# M3 GTR Street Version - Hey VinceTopasBlau3



## SteveT (Dec 22, 2001)

Got the 1/18th M3 GTR - Street Version yesterday. Ordered it Monday, they had it on Friday. Pretty fast.










They only made 3000 of these. The parts guy at VOB has no trouble ordering them.


----------



## Alex Baumann (Dec 19, 2001)

Cool, I bought the same two days ago


----------



## SteveT (Dec 22, 2001)

I saw them on Ebay last Sunday night. People were claiming that they were sold out. I thought I'd see what Vince knew so I sent him a PM and he gave me the part number. No surprises there. So I called my dealership on Monday morning and the parts guy there (who loves the scale models) ordered two just from my phonecall. I was amazed to see that they had arrived by Friday. :thumbup:


----------



## Pinecone (Apr 3, 2002)

How about giving us the part number.


----------



## SteveT (Dec 22, 2001)

Pinecone said:


> *How about giving us the part number.  *


Here it is: 80 43 0 152 552.


----------



## Mr Paddle.Shift (Dec 19, 2001)

Hey Steve,

Sorry that I don't checked out this forum that often..but thanks for update! Glad you got it!  

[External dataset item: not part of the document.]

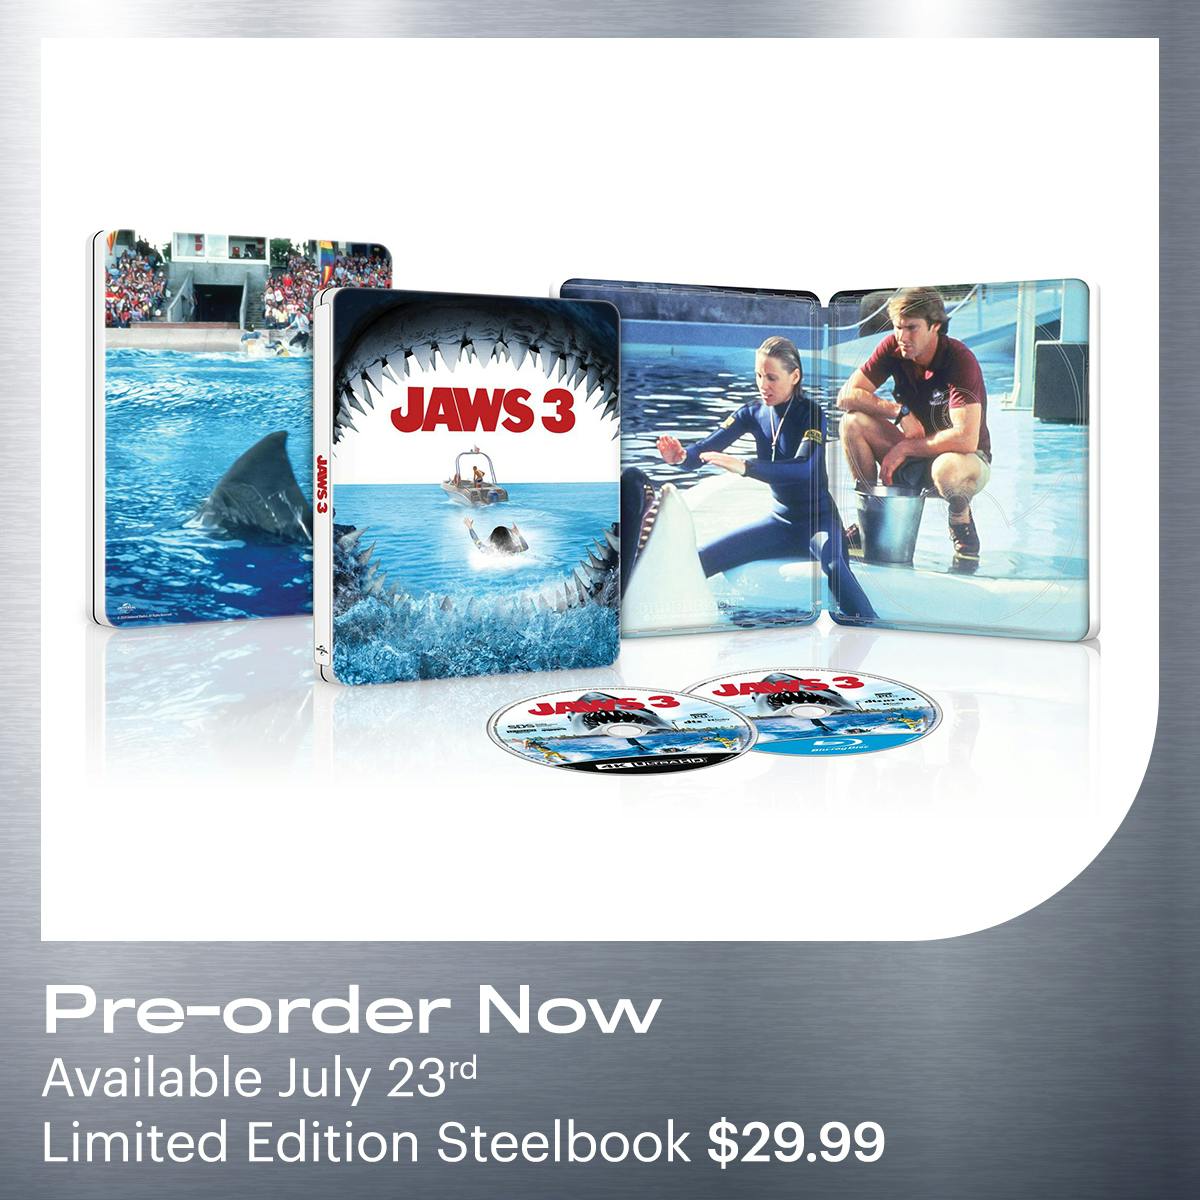 1200x1200 Jaws 3 Limited Edition Steelbook

I have yet to buy one....as usual no space to display a 1/18.


----------



## heat010 (Sep 4, 2002)

Say how much did you guys pay for that model through the dealers? EBAY's averages were around $125


----------



## SteveT (Dec 22, 2001)

heat010 said:


> *Say how much did you guys pay for that model through the dealers? EBAY's averages were around $125 *


It's a $95 special order through the dealer. As of a few weeks ago they aren't sold out. The Ebay guys claim that BMW is completely sold out, but that's not true.

Vince, I kind of prefer the 1/18's but they do take up more space. I've been looking for a display case and clip on small spot lights or something like that anyway. They my collection can grow a little bit. I'd also be interested in a Schnitzer ETCC car when they come out.

Steve


----------



## Mr Paddle.Shift (Dec 19, 2001)

Steve, that was exactly what I told myself about 1/18. Yup.  As time goes by, I started collecting smaller and smaller. Now I am trying to finish up the 1/87s. 

Here's a glimpse.



SteveT said:


> *
> Vince, I kind of prefer the 1/18's but they do take up more space. I've been looking for a display case and clip on small spot lights or something like that anyway. They my collection can grow a little bit. I'd also be interested in a Schnitzer ETCC car when they come out.
> 
> Steve *


----------



## SteveT (Dec 22, 2001)

There's no doubt they're all neat. Thanks


----------



## heat010 (Sep 4, 2002)

*Damn......all sold out.*

Just called my local bmw parts dept for that model. As of today 1/22 they're all sold out. Guess I have to search on ebay. What a drag.


----------



## Mr Paddle.Shift (Dec 19, 2001)

*Re: Damn......all sold out.*

Dealers can place a special order from BMW AG, if they wish.



heat010 said:


> *Just called my local bmw parts dept for that model. As of today 1/22 they're all sold out. Guess I have to search on ebay. What a drag. *


----------



## jaryl (Nov 11, 2002)

*I just saw this post!!!! Please help me get one!!!*

Hi guys,

I just saw this post and I have to have one. I am talking about the 1/18th M3 GTR. I called my dealer in Bayside and a few others in my area but no one has them anymore.

Can someone please tell me where I can find one? Thanks.


----------



## SteveT (Dec 22, 2001)

Have you tried Ebay?


----------



## M3guyCA (Sep 10, 2003)

does anyone know whats the diff between the carbon black, blue and grey ones? are they all minichamps?


----------



## Mr Paddle.Shift (Dec 19, 2001)

I could be wrong but I don't think the GTR was released in grey. 

The GTRs are made by PMA/Minichamps.

The regular E46 M3 by Kyosho.


----------



## M3guyCA (Sep 10, 2003)

http://cgi.ebay.com/ws/eBayISAPI.dll?ViewItem&item=3555075759&category=14736


----------



## Mr Paddle.Shift (Dec 19, 2001)

That's silver not grey. But yes, all GTR made by PMA/Minichamps.


----------